_Exercise objective:_ Repeat the listing below exactly. Pictures do not belong in the copy.

_Data segment:_
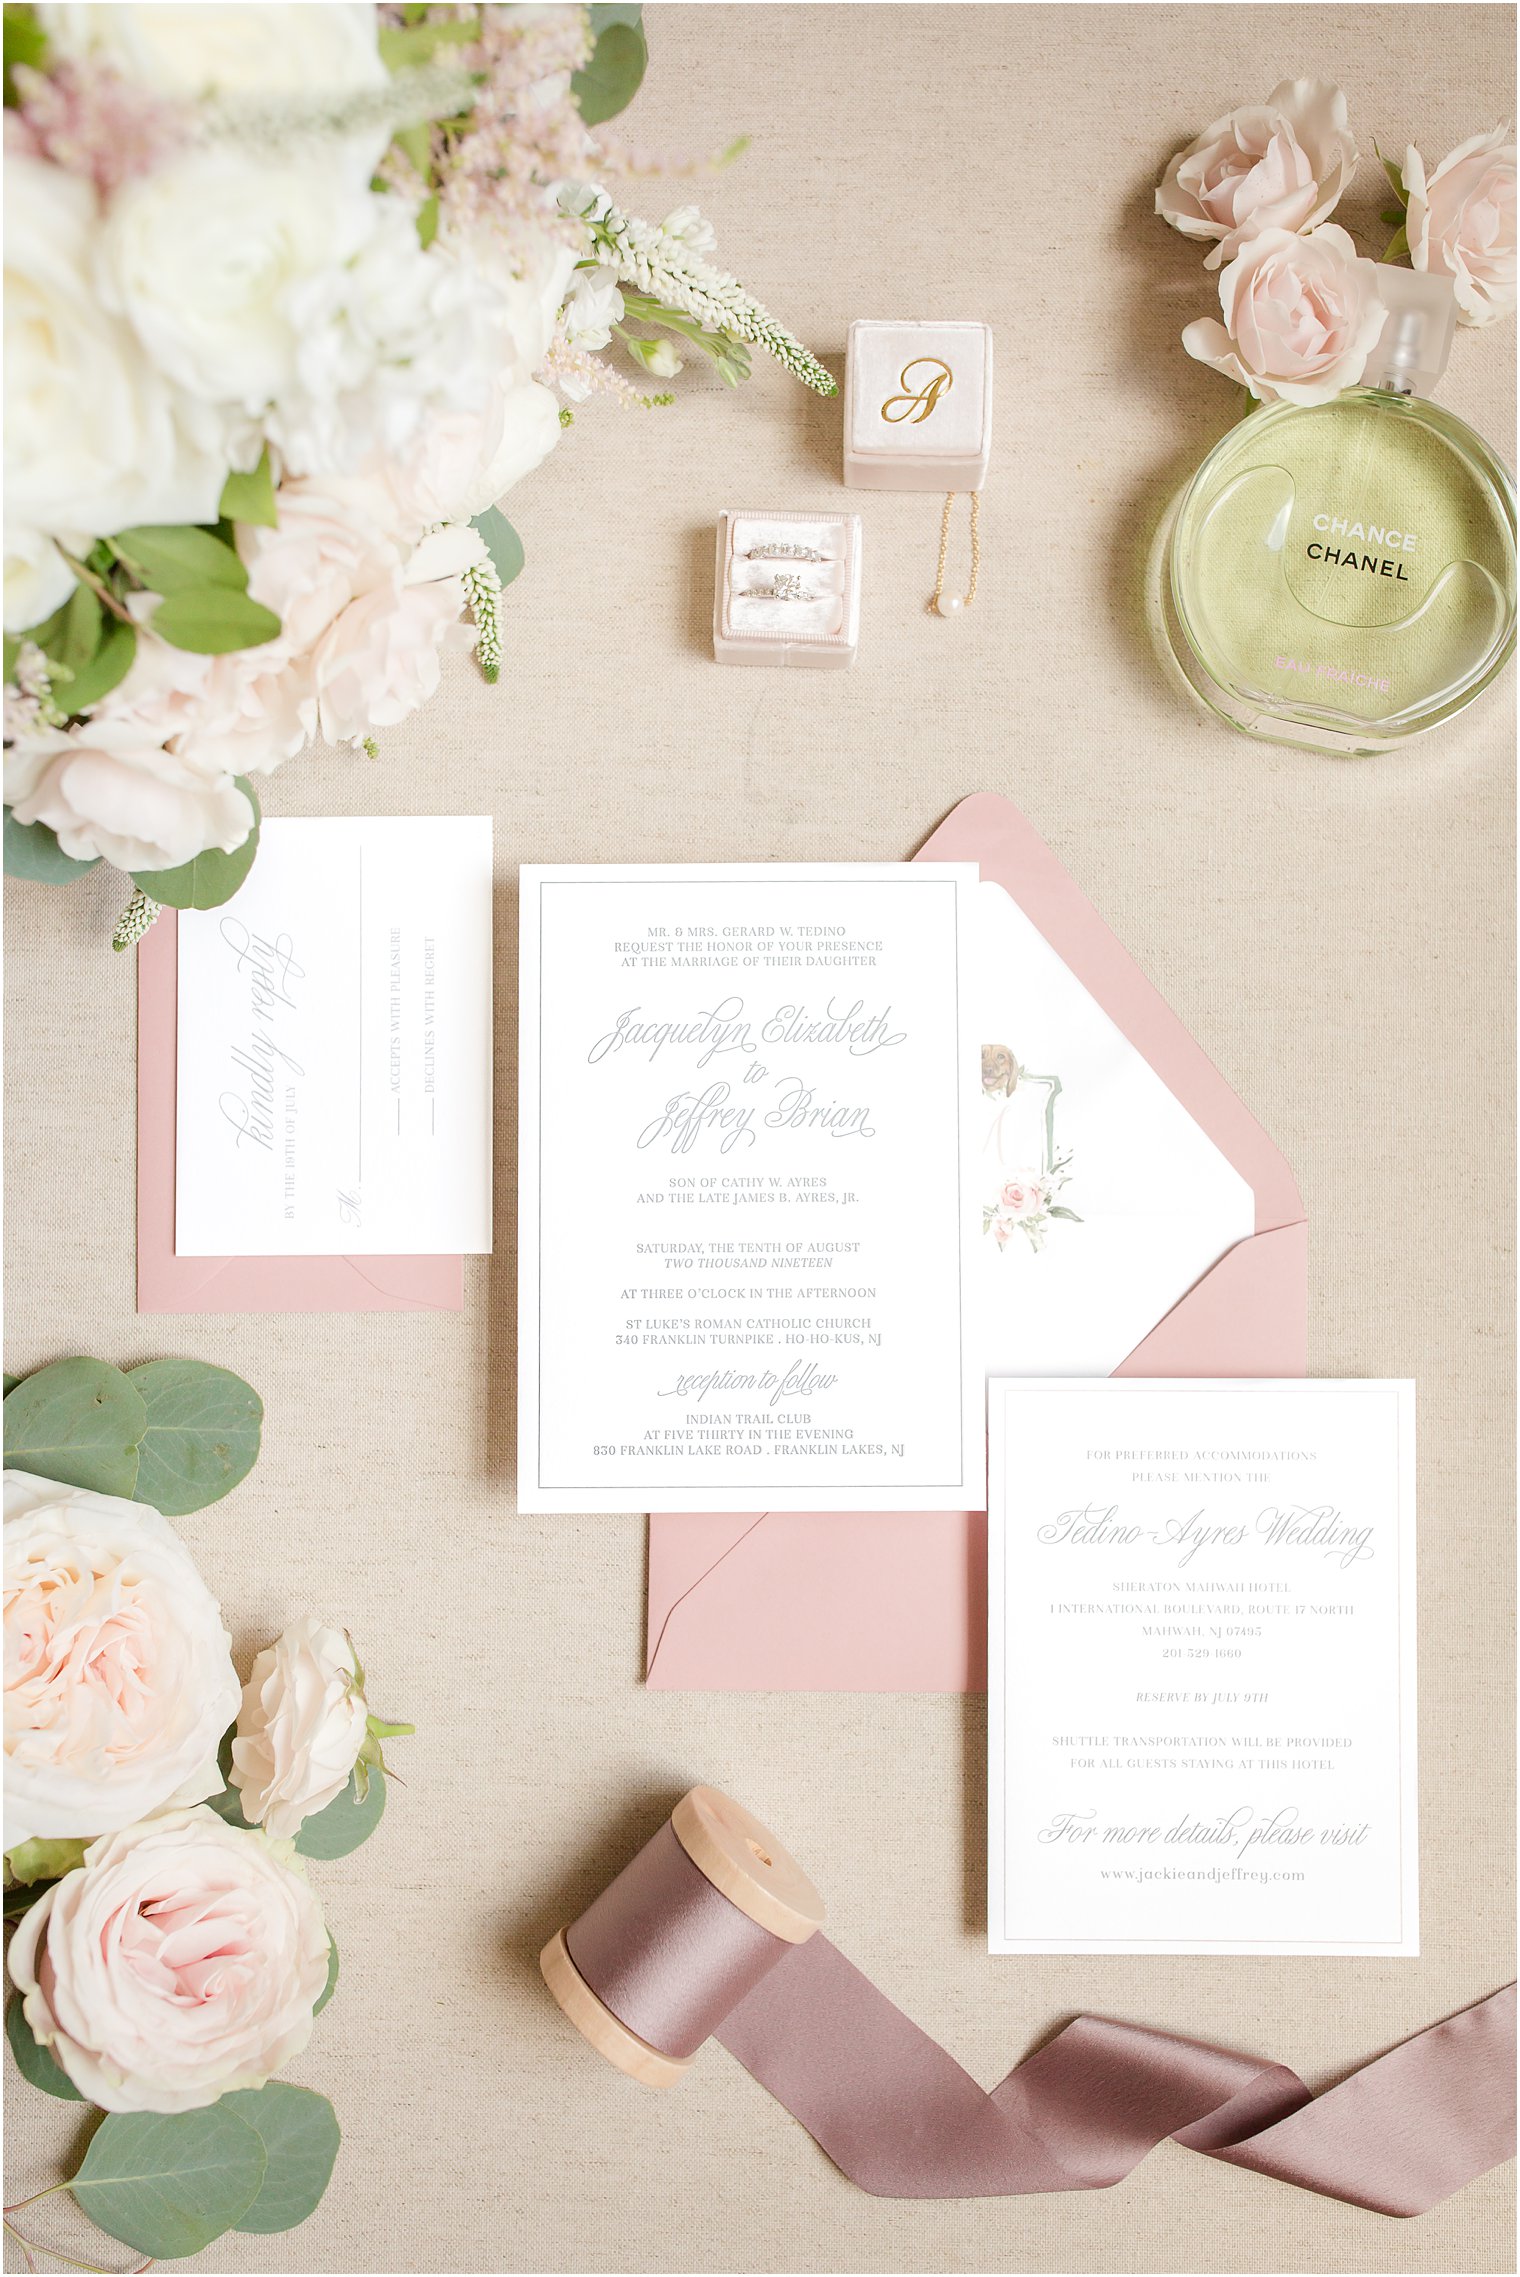 Wedding invite by Narrative Design Co
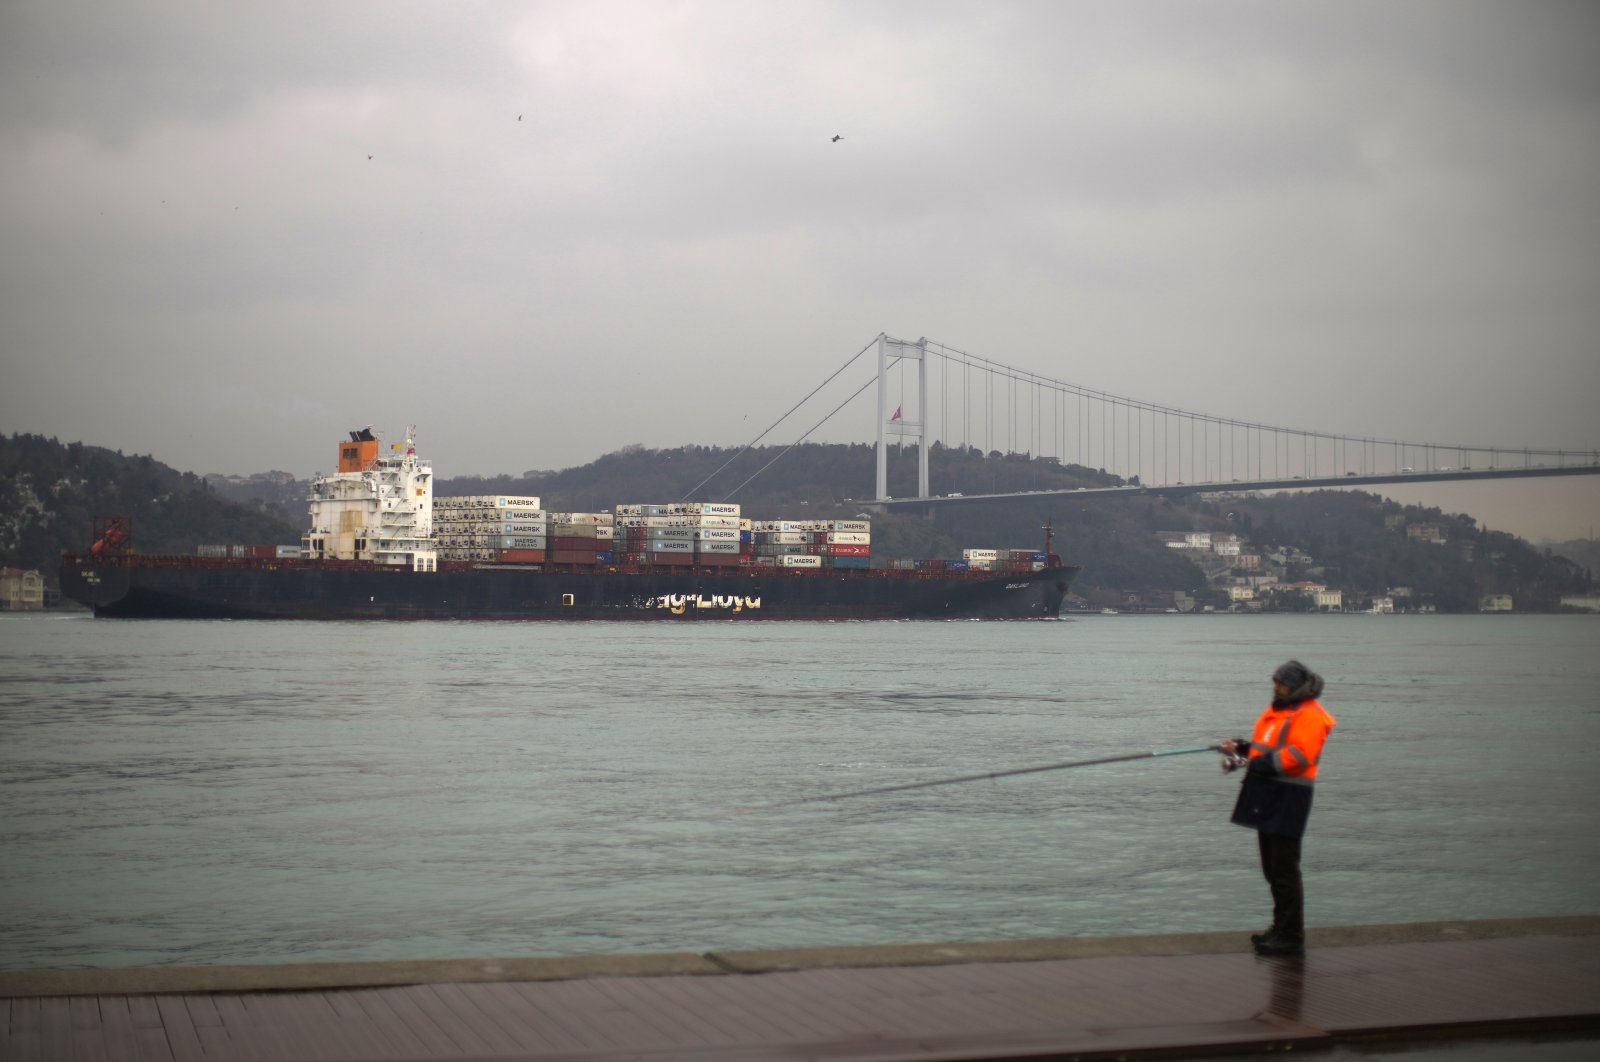 Turki mengharapkan dukungan Rusia untuk kembalinya kapal-kapal Turki dengan aman
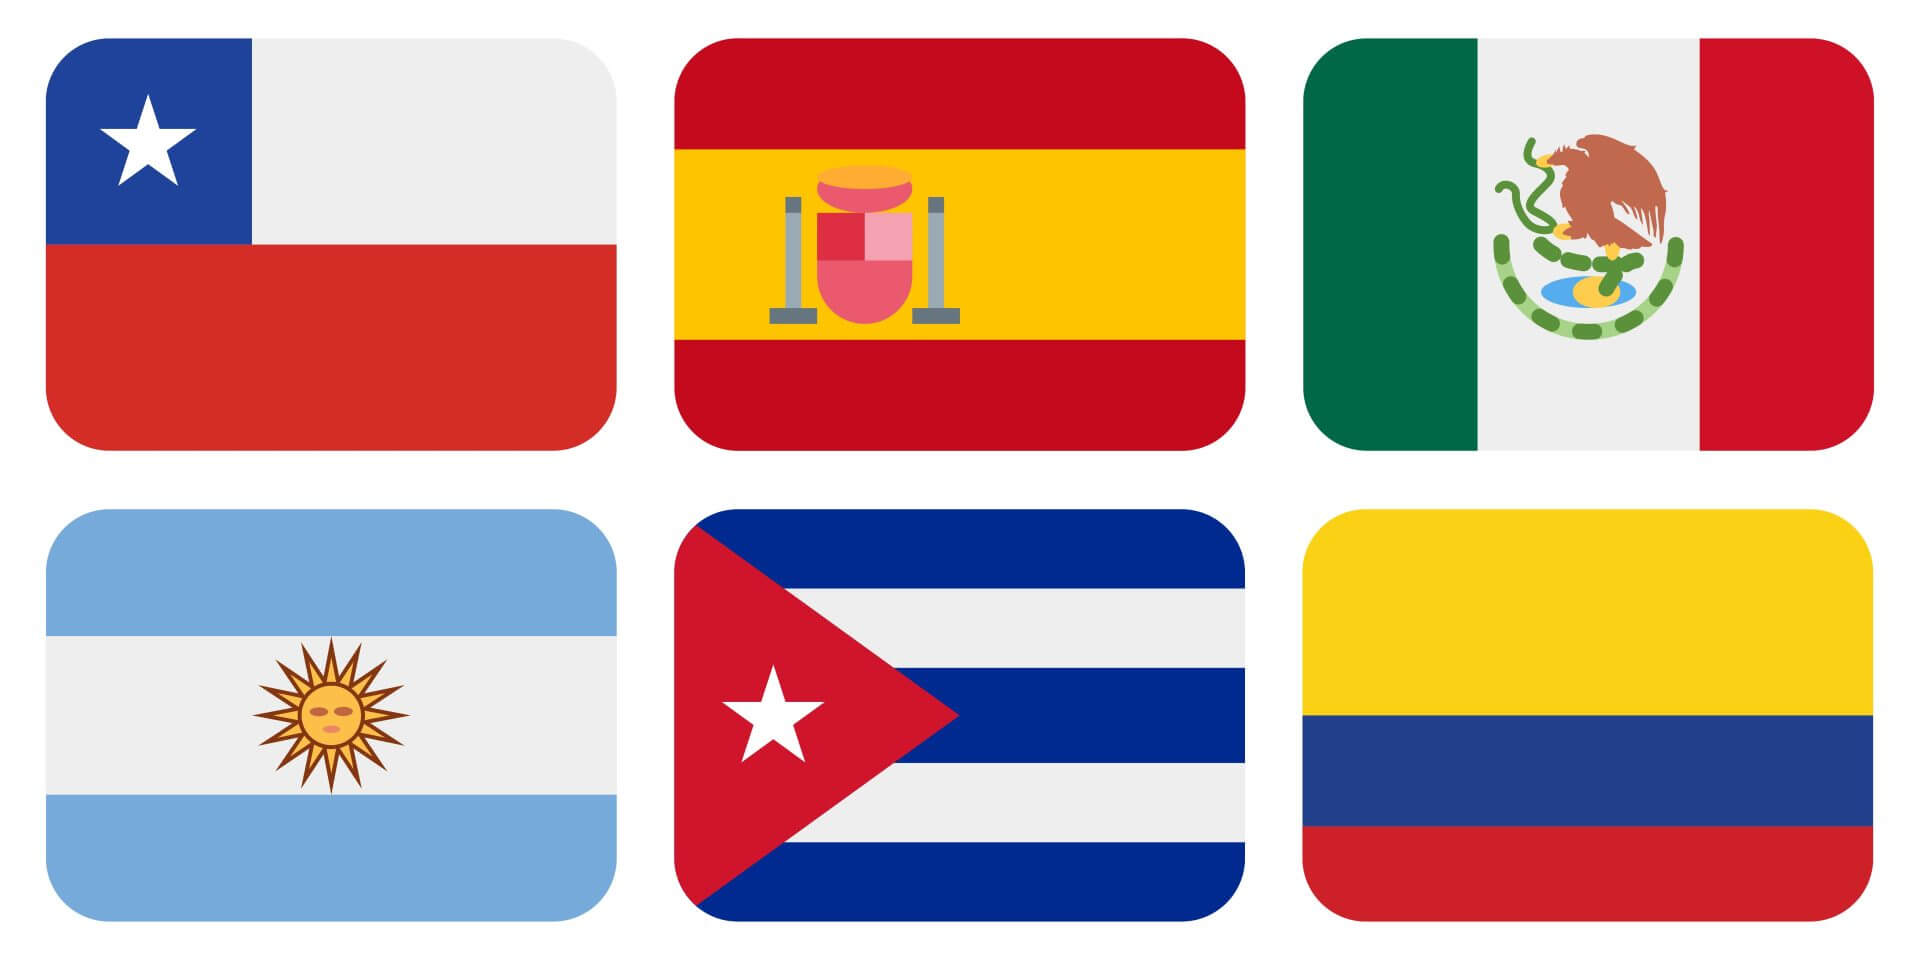 Instituto Hispánico de Murcia - Poznaj różne akcenty hiszpańskiego na świecie

_Solution for this exercise:_
 Wedding invite by Narrative Design Co
 Turki mengharapkan dukungan Rusia untuk kembalinya kapal-kapal Turki dengan aman
 Instituto Hispánico de Murcia - Poznaj różne akcenty hiszpańskiego na świecie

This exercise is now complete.